:: PROBLEM REQUIREMENTS ::
Extract each line of the material that follows exactly and omit its pictures.

:: EXERCISE DATA ::

Content starts

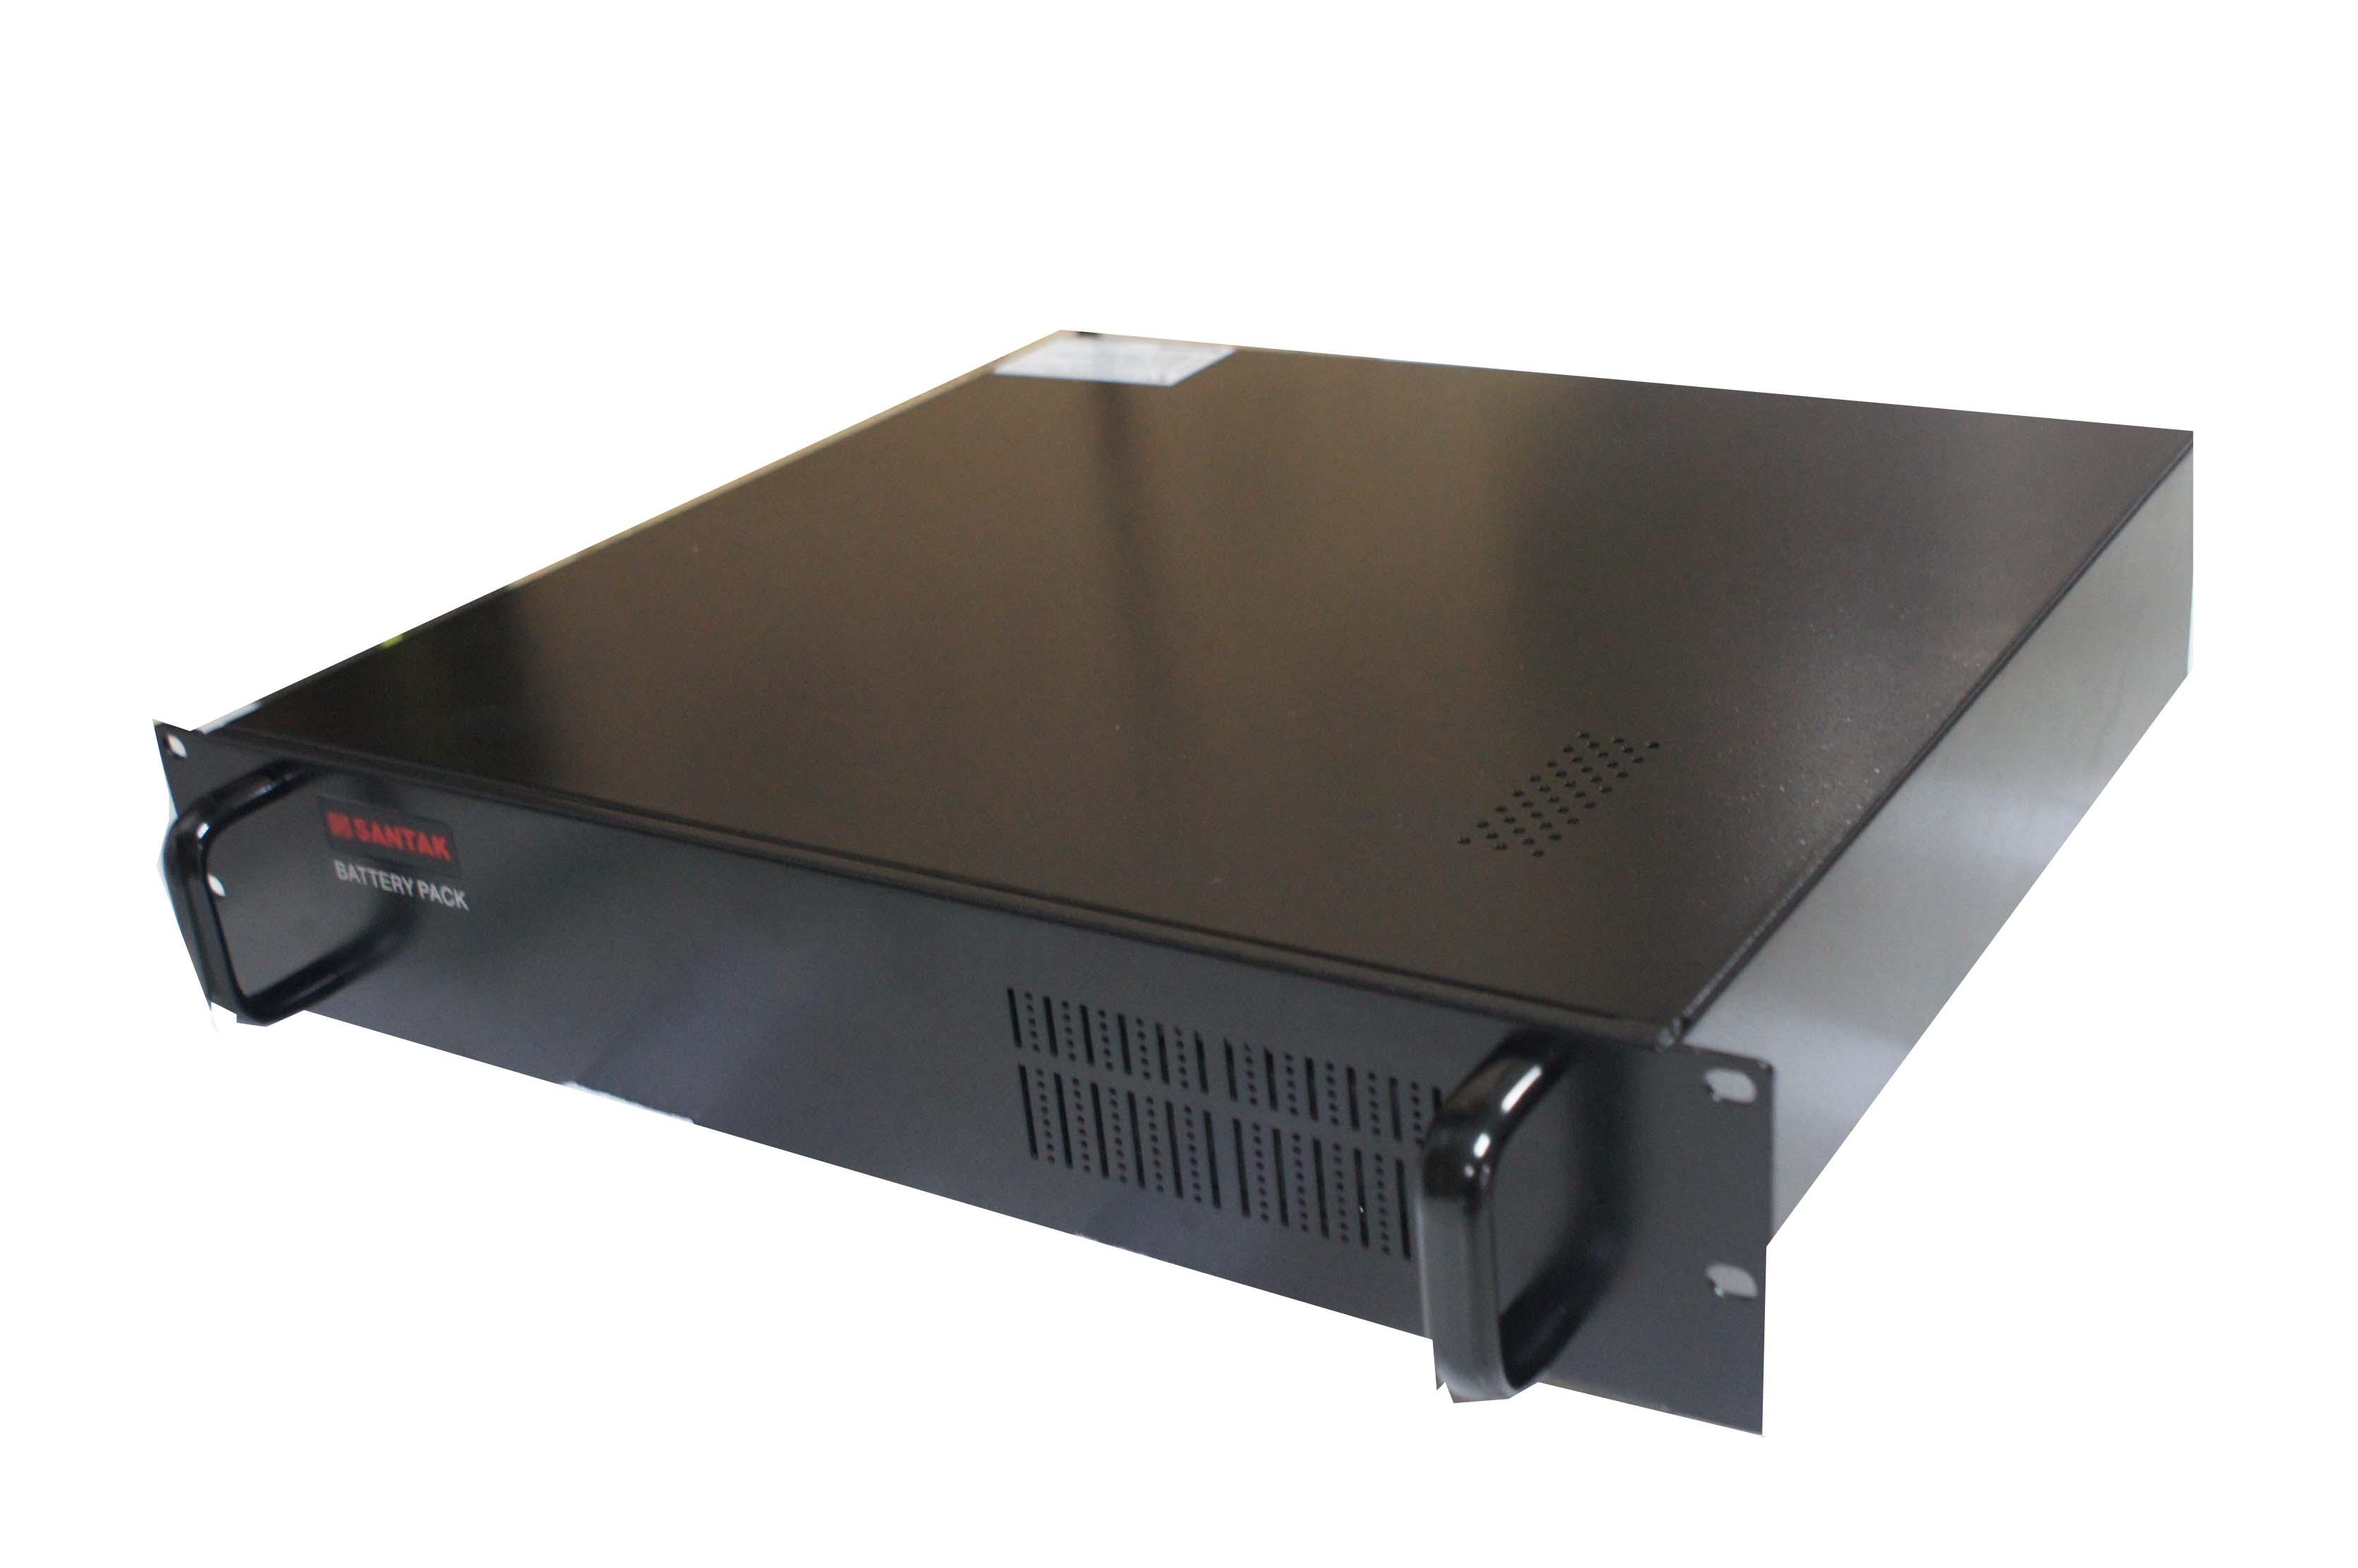 非常にく機構えUPSC1KRSRack1K専用バッテリパックB7032配合機使用長い遅延
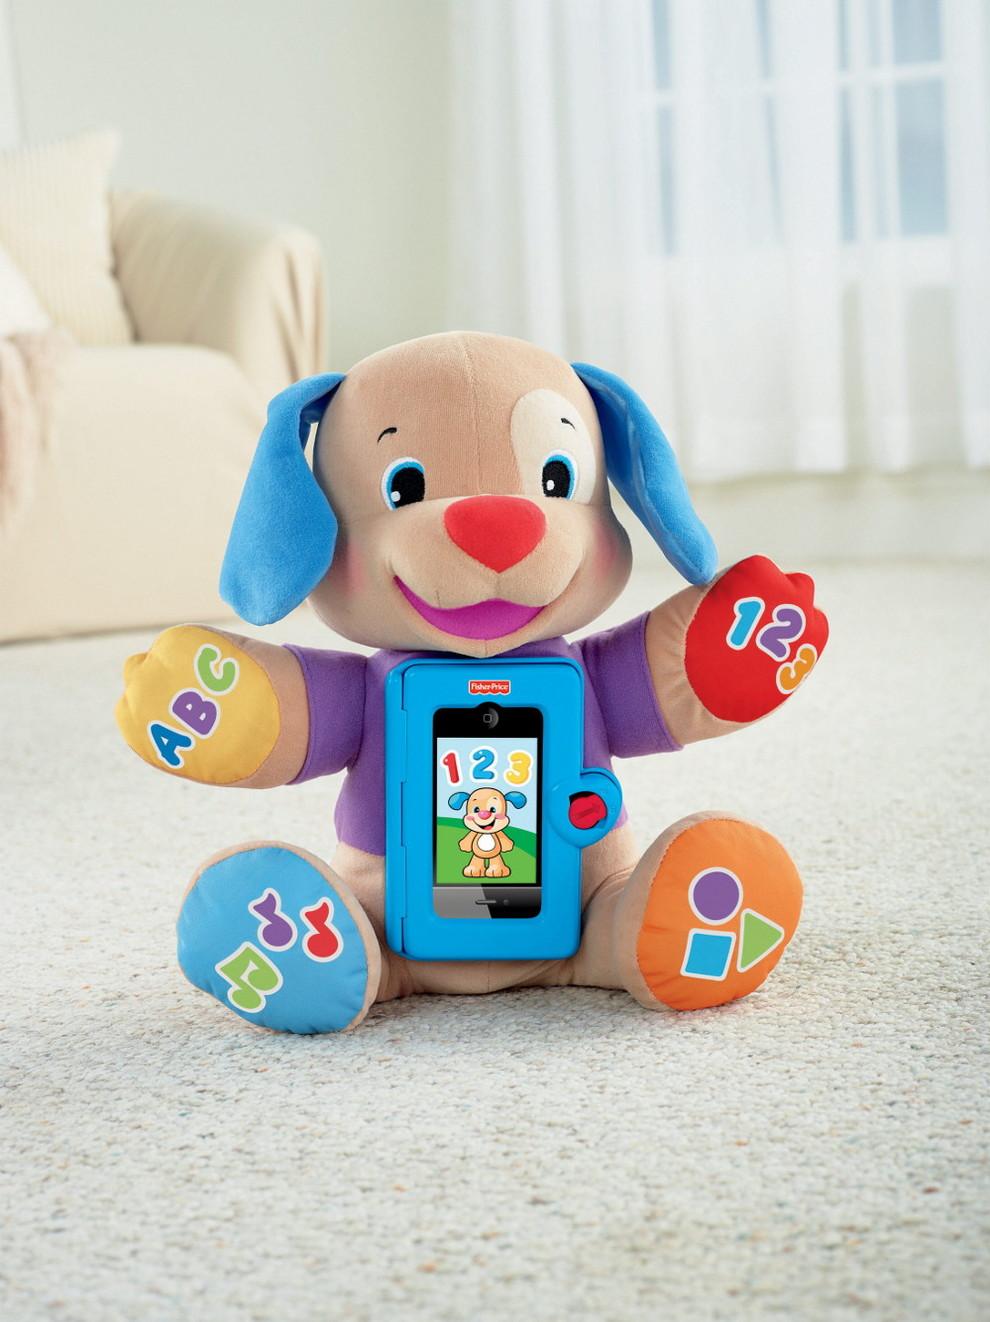 La feria del juguete muestra las novedades tecnol gicas for Las novedades
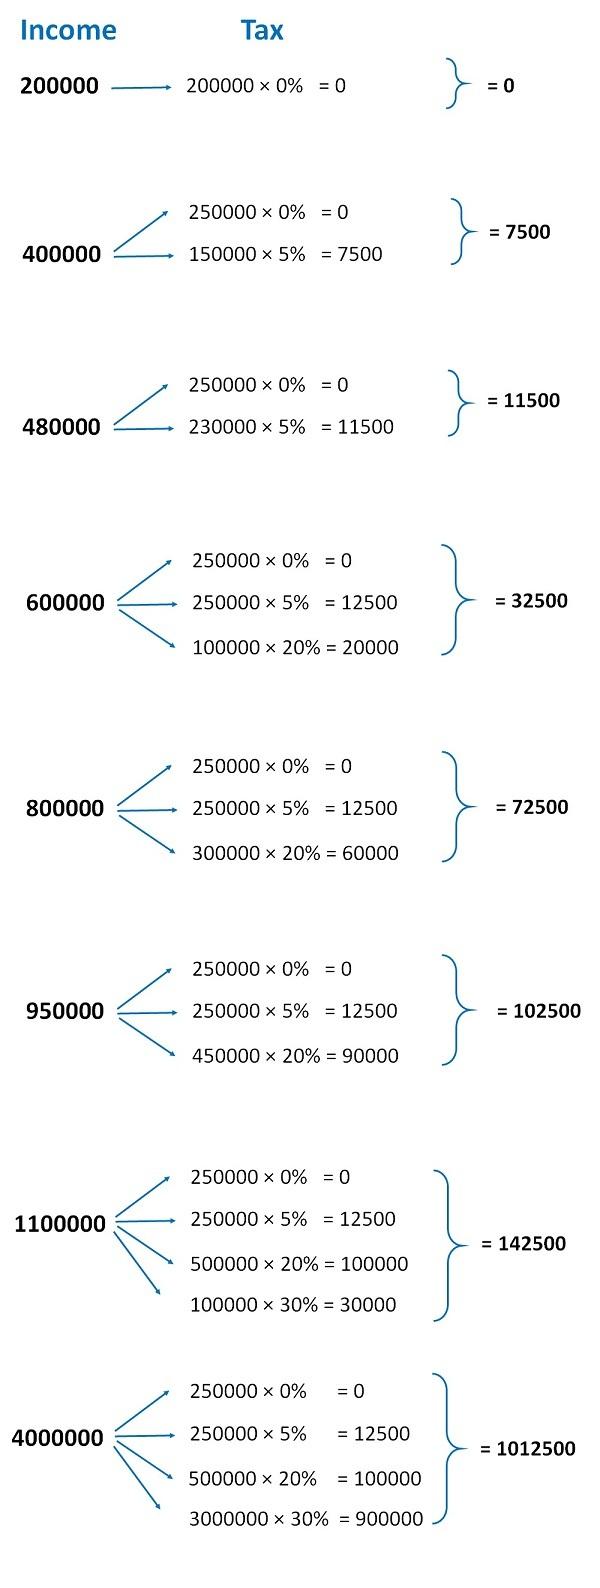 Slab Rate 1.jpg

Content ends

:: OUTPUT OF THE TASK ::
 非常にく機構えUPSC1KRSRack1K専用バッテリパックB7032配合機使用長い遅延
 La feria del juguete muestra las novedades tecnol gicas for Las novedades
 Slab Rate 1.jpg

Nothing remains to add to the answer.